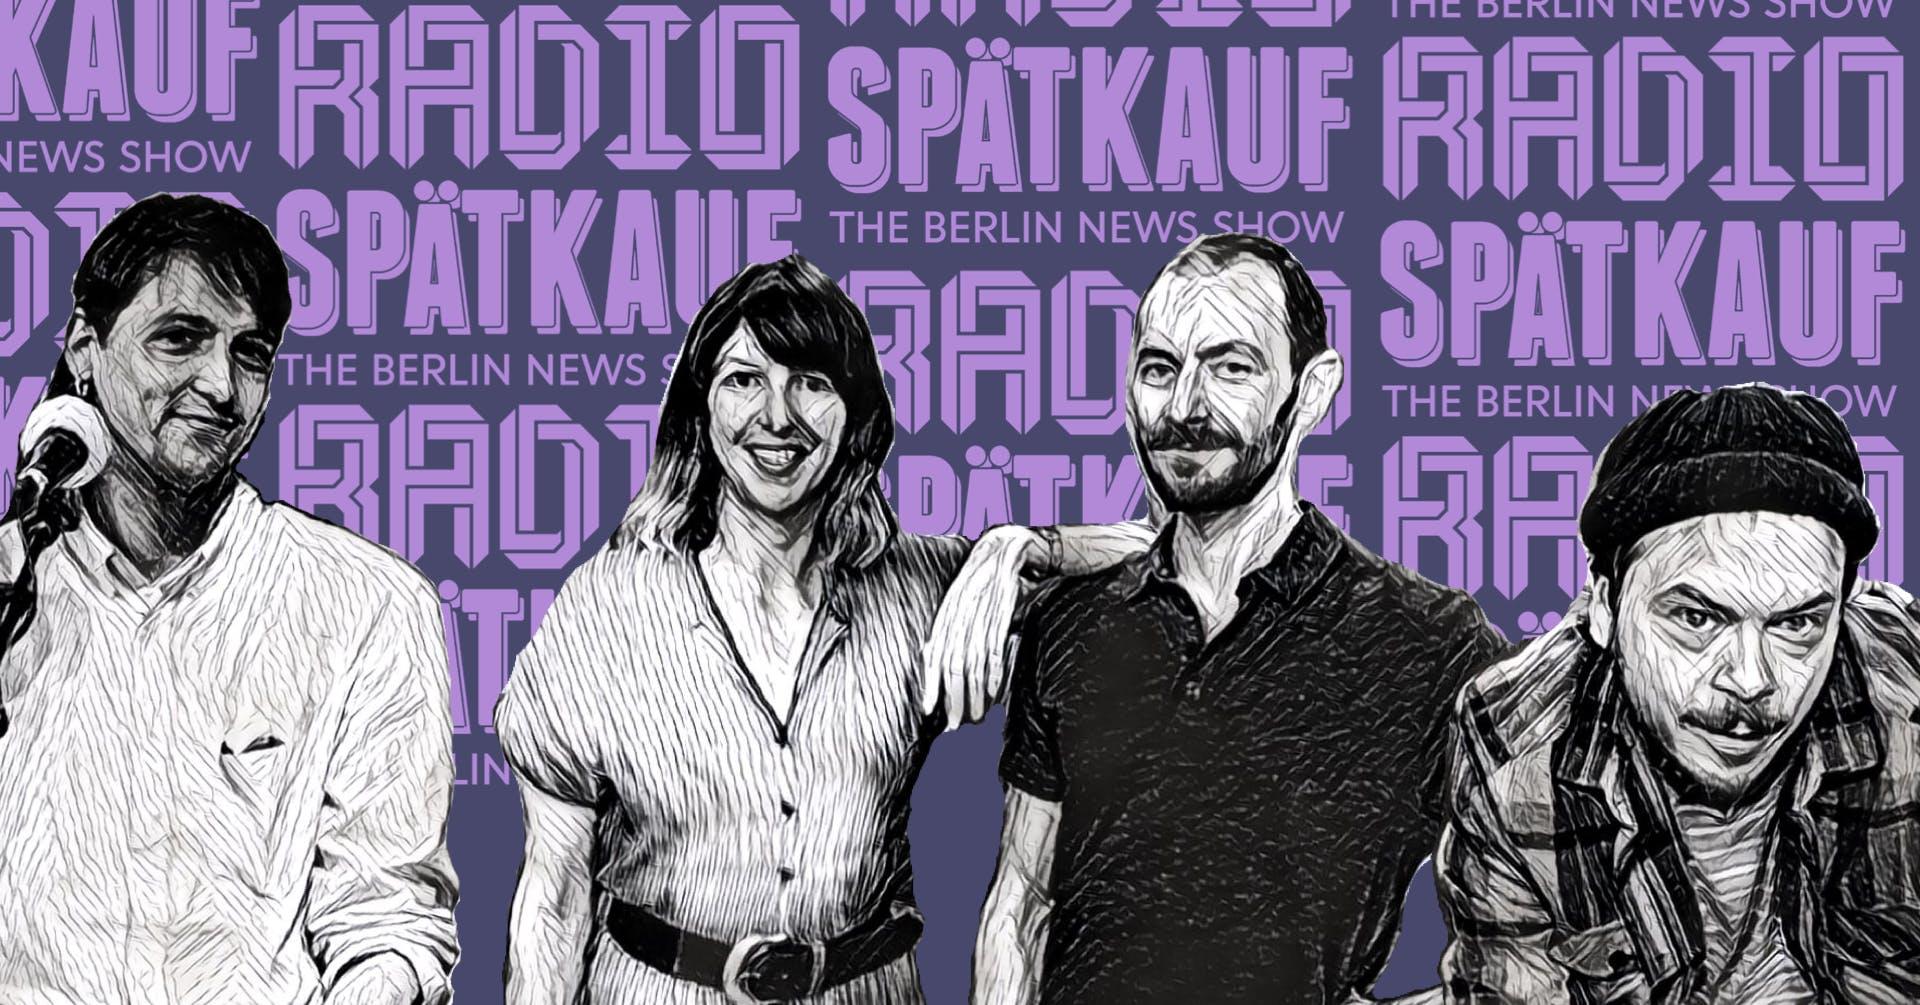 Radio Spaetkauf Podcast Recording February
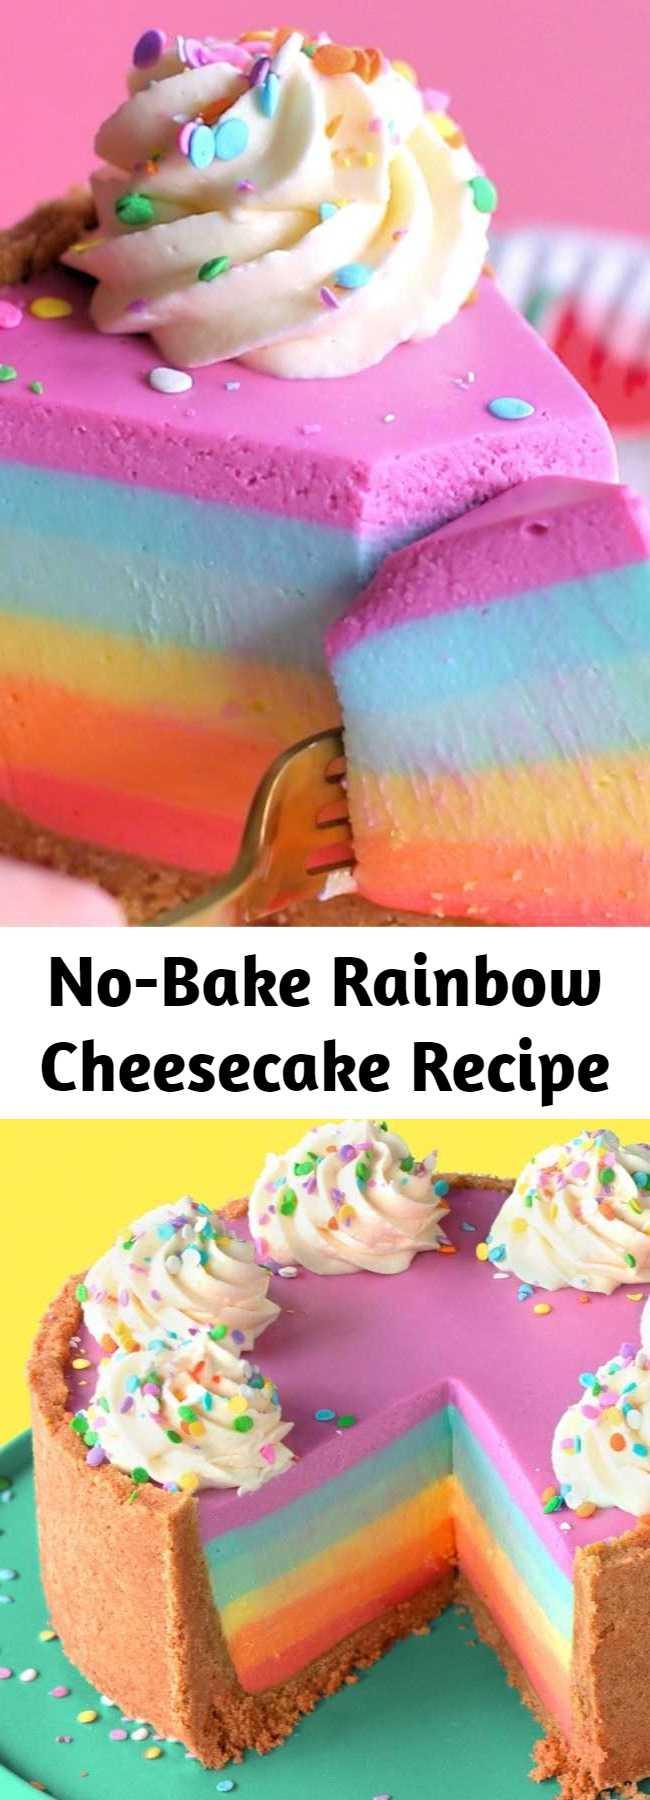 No-Bake Rainbow Cheesecake Recipe - A no-bake white chocolate rainbow cheesecake that's super simple to make!
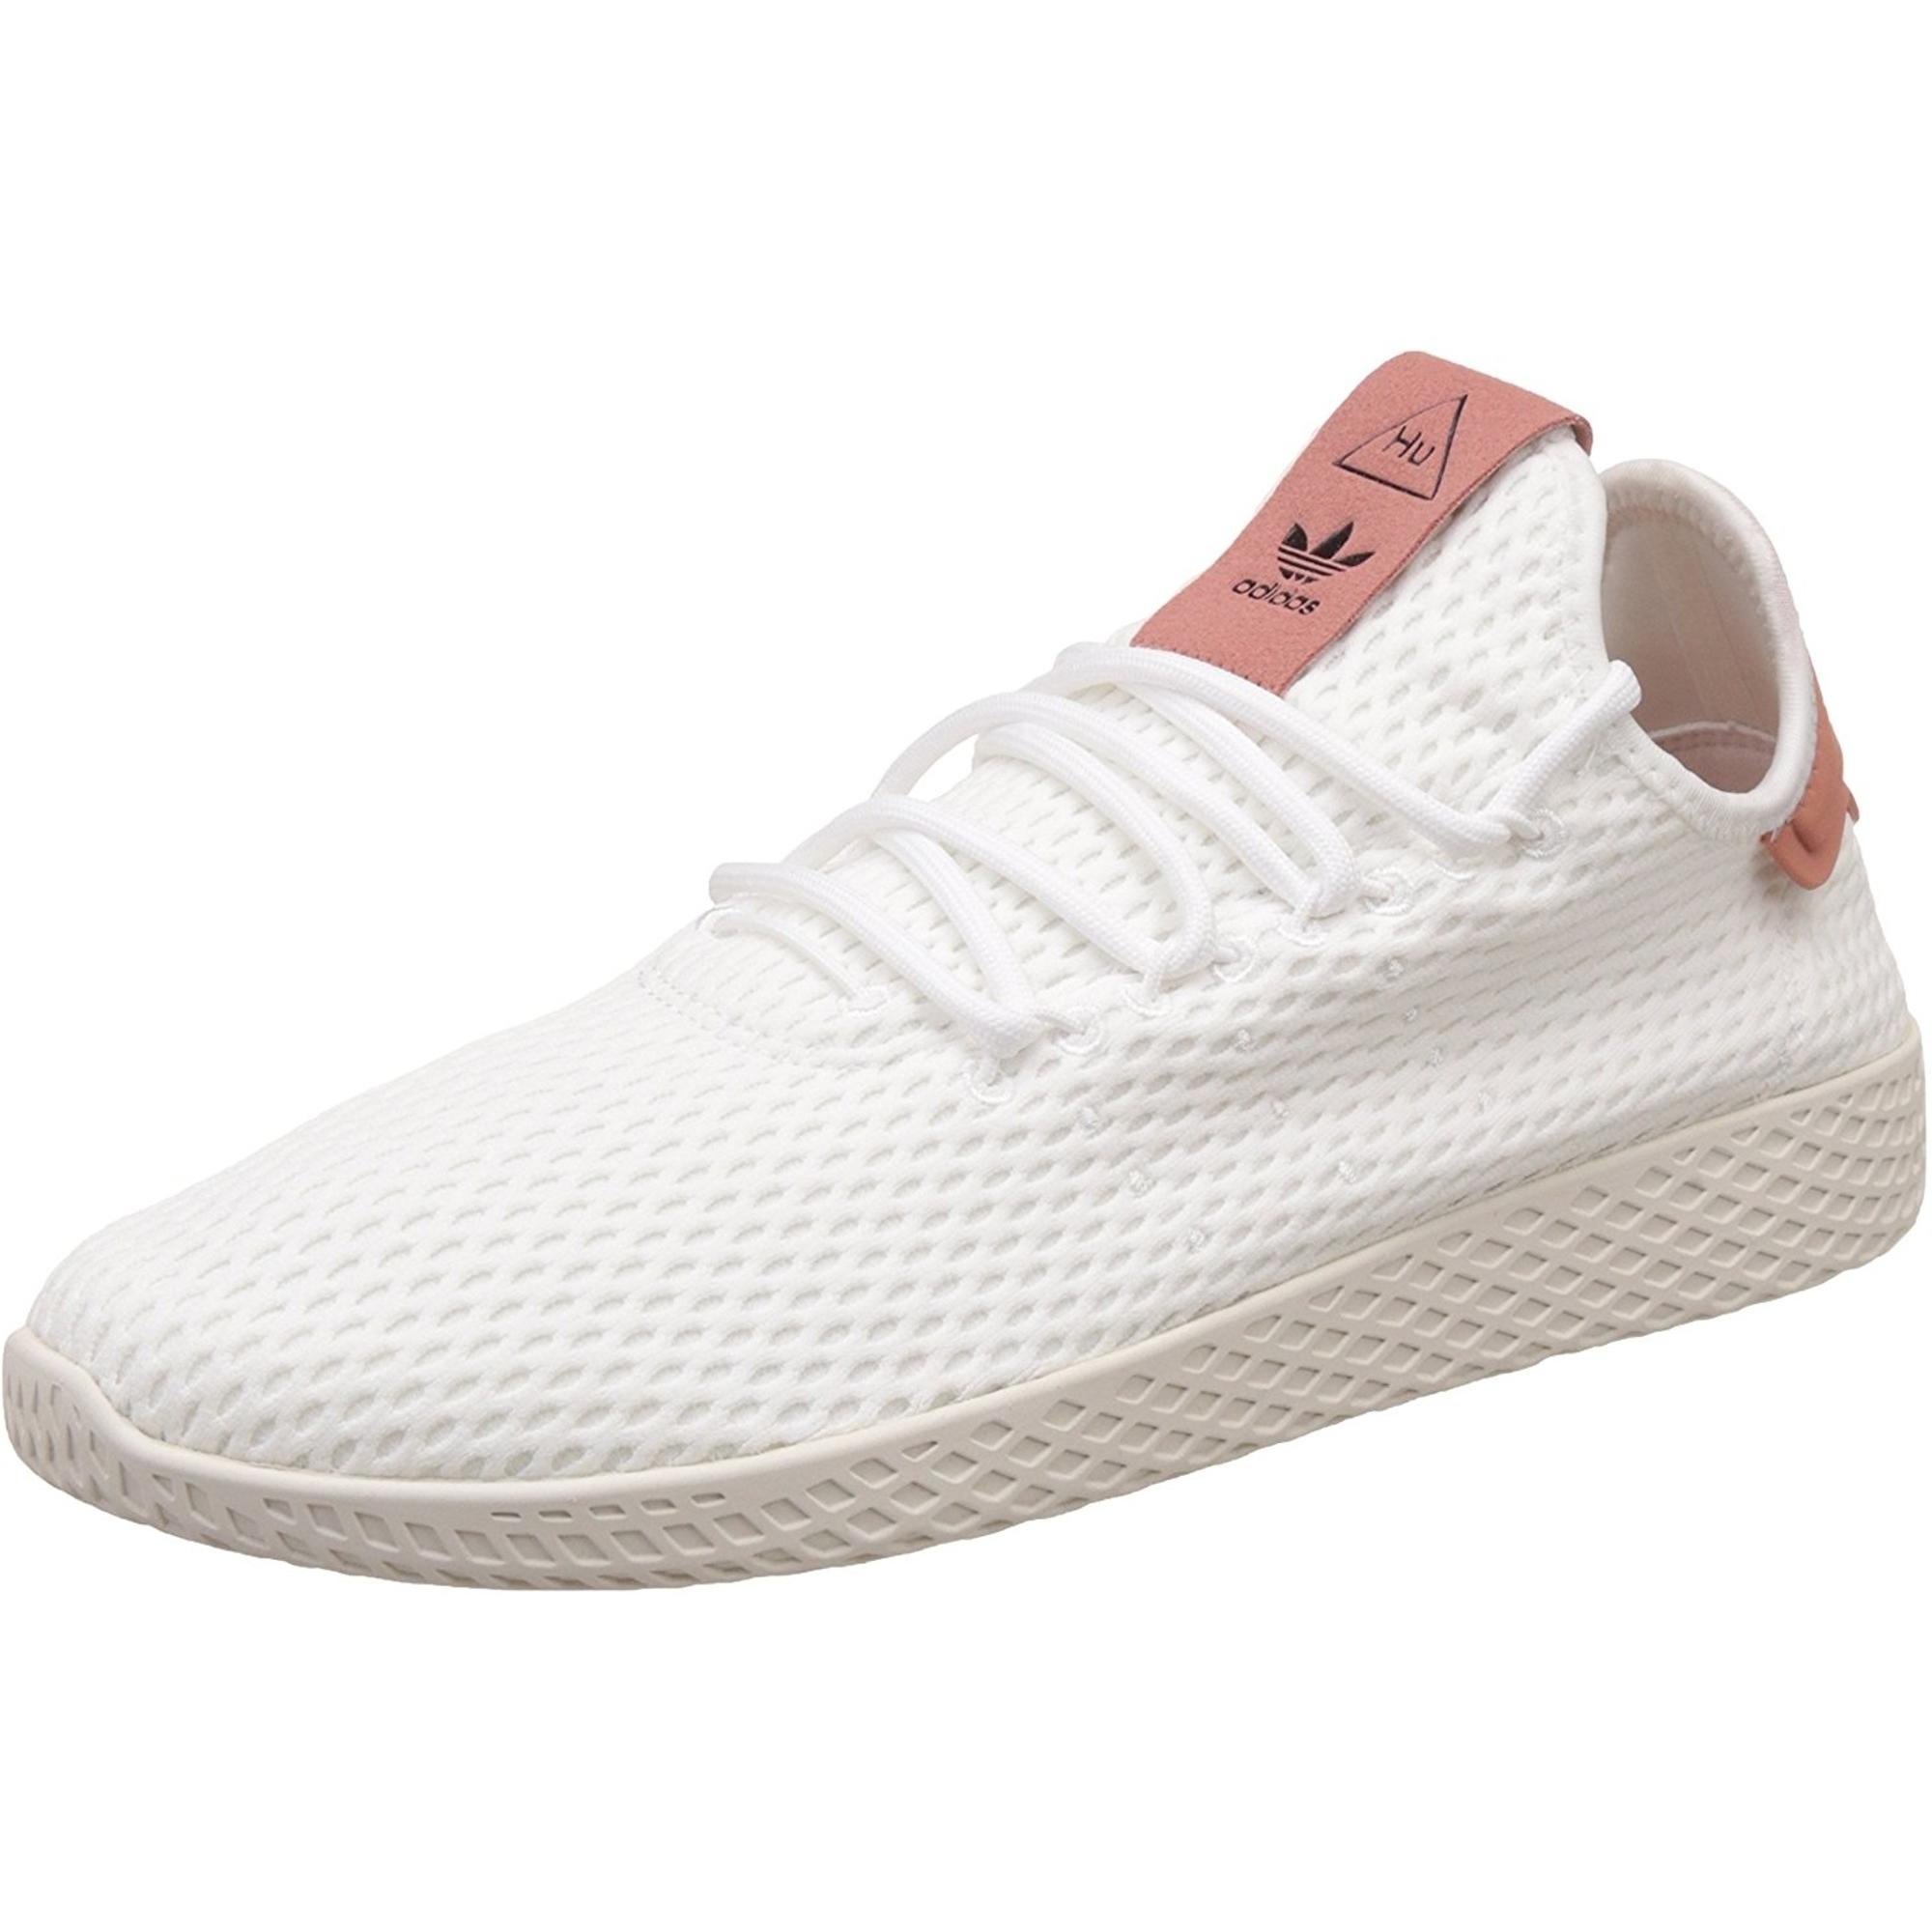 bianca and pink pharrell adidas

--- TASK TO CARRY OUT ---
From the material above, reproduce everything verbatim except the pictures.

--- RESPONSE TO THE TASK ---
 Radio Spaetkauf Podcast Recording February
 No-Bake Rainbow Cheesecake Recipe - A no-bake white chocolate rainbow cheesecake that's super simple to make!
 bianca and pink pharrell adidas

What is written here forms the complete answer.